TASK DETAILS
Once you find the line with "Under Armour Under" in the listing below, set down exactly every line from it through the line with "Associate Product WORLD", but no pictures.

##### TASK MATERIAL

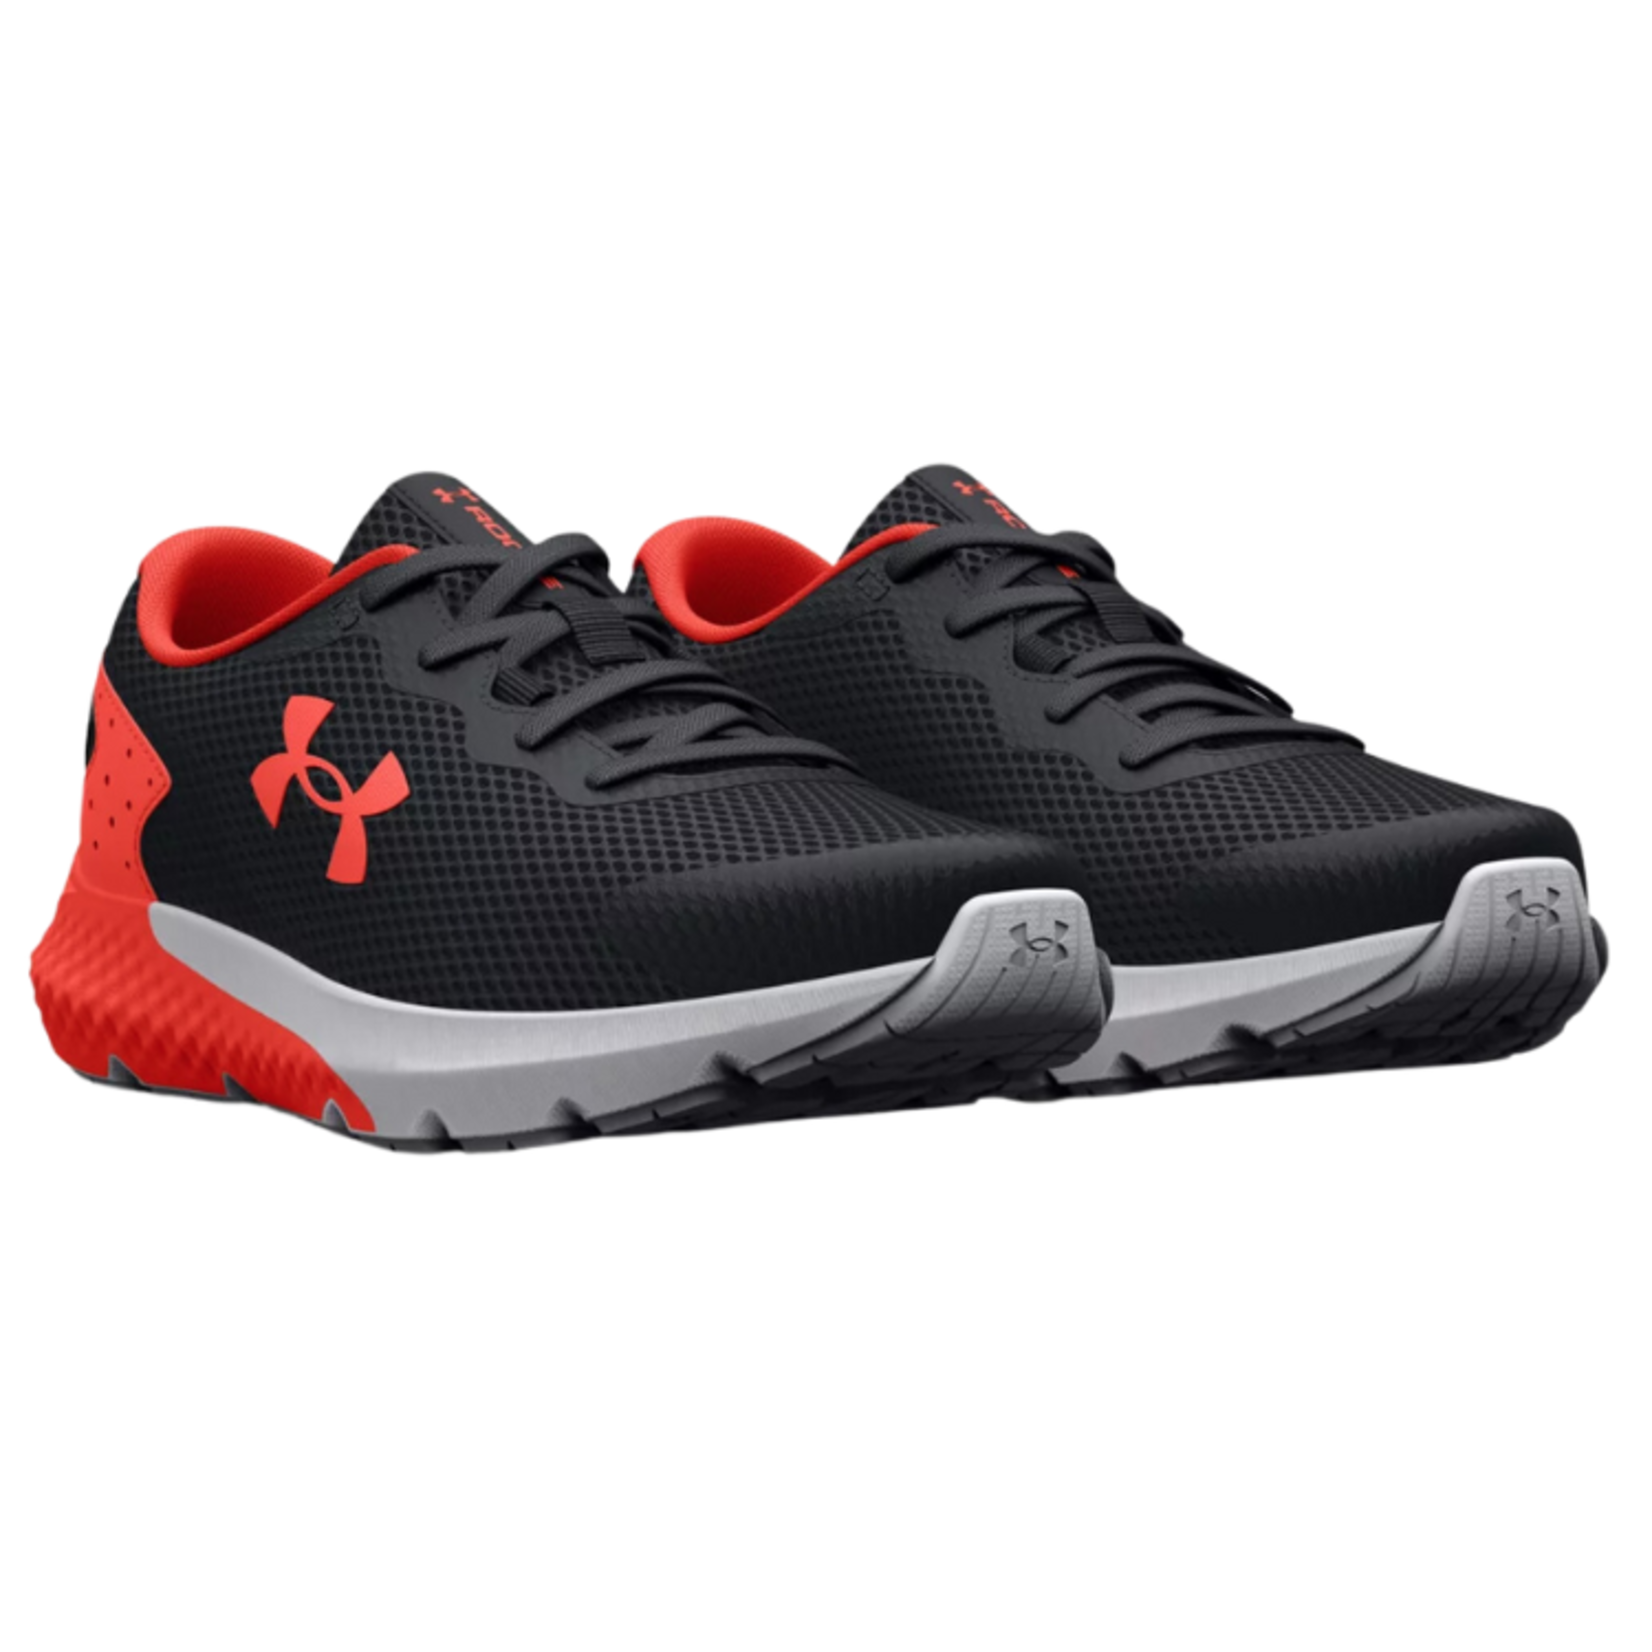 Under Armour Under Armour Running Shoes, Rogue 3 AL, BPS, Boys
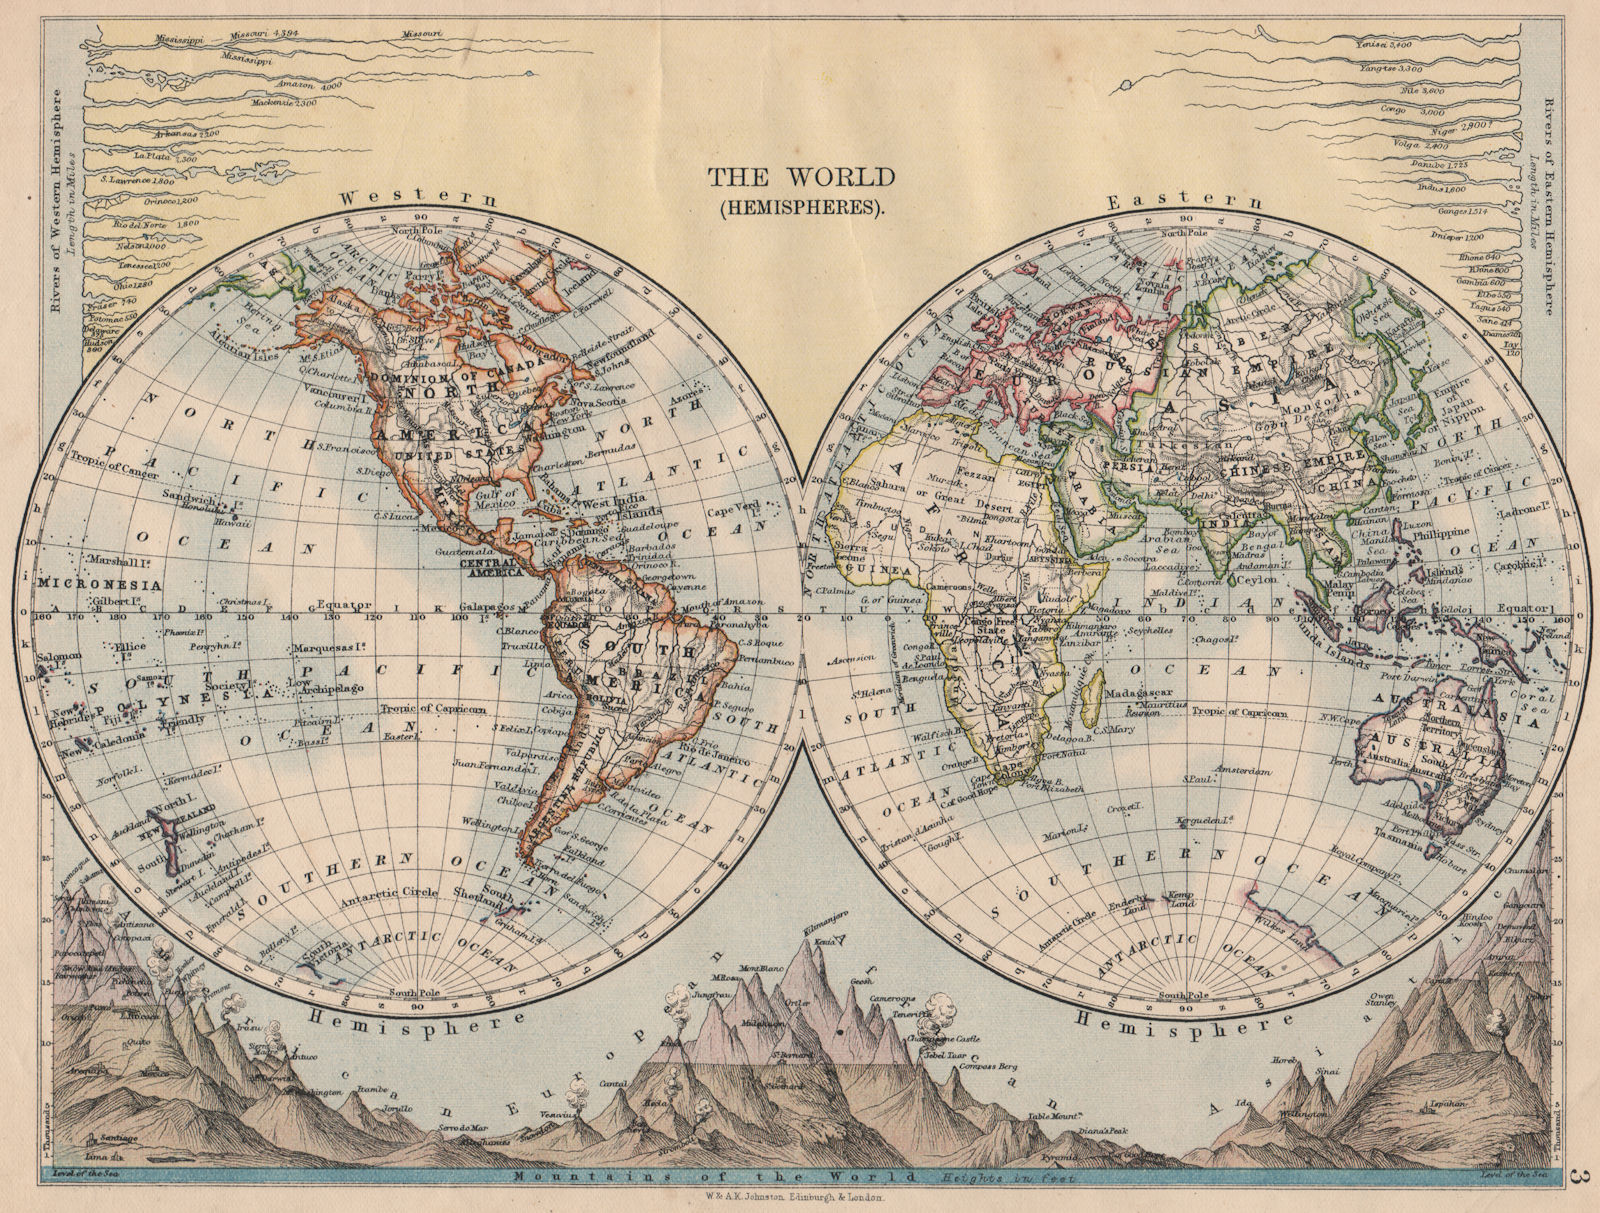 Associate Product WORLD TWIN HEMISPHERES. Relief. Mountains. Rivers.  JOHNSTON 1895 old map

##########
##### TASK MATERIAL

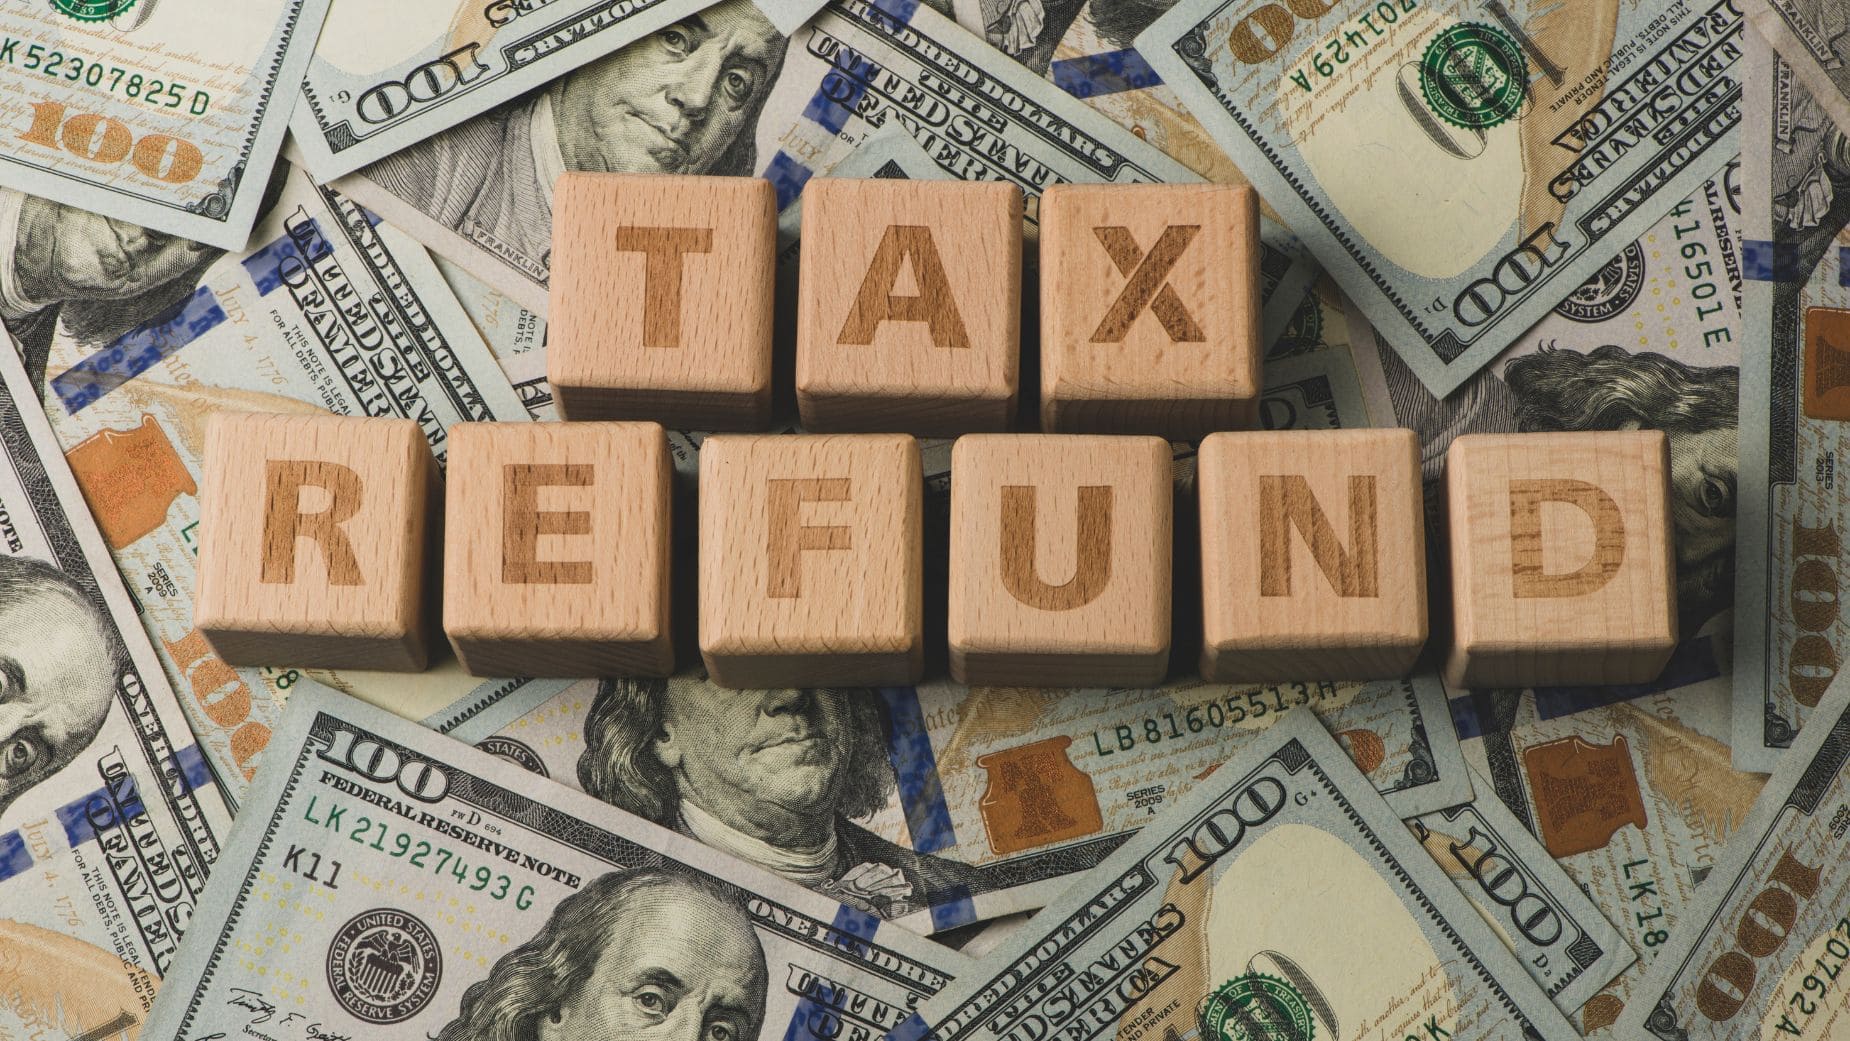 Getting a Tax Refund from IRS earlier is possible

##########

EXERCISE RESPONSE
 Under Armour Under Armour Running Shoes, Rogue 3 AL, BPS, Boys
 Associate Product WORLD TWIN HEMISPHERES. Relief. Mountains. Rivers.  JOHNSTON 1895 old map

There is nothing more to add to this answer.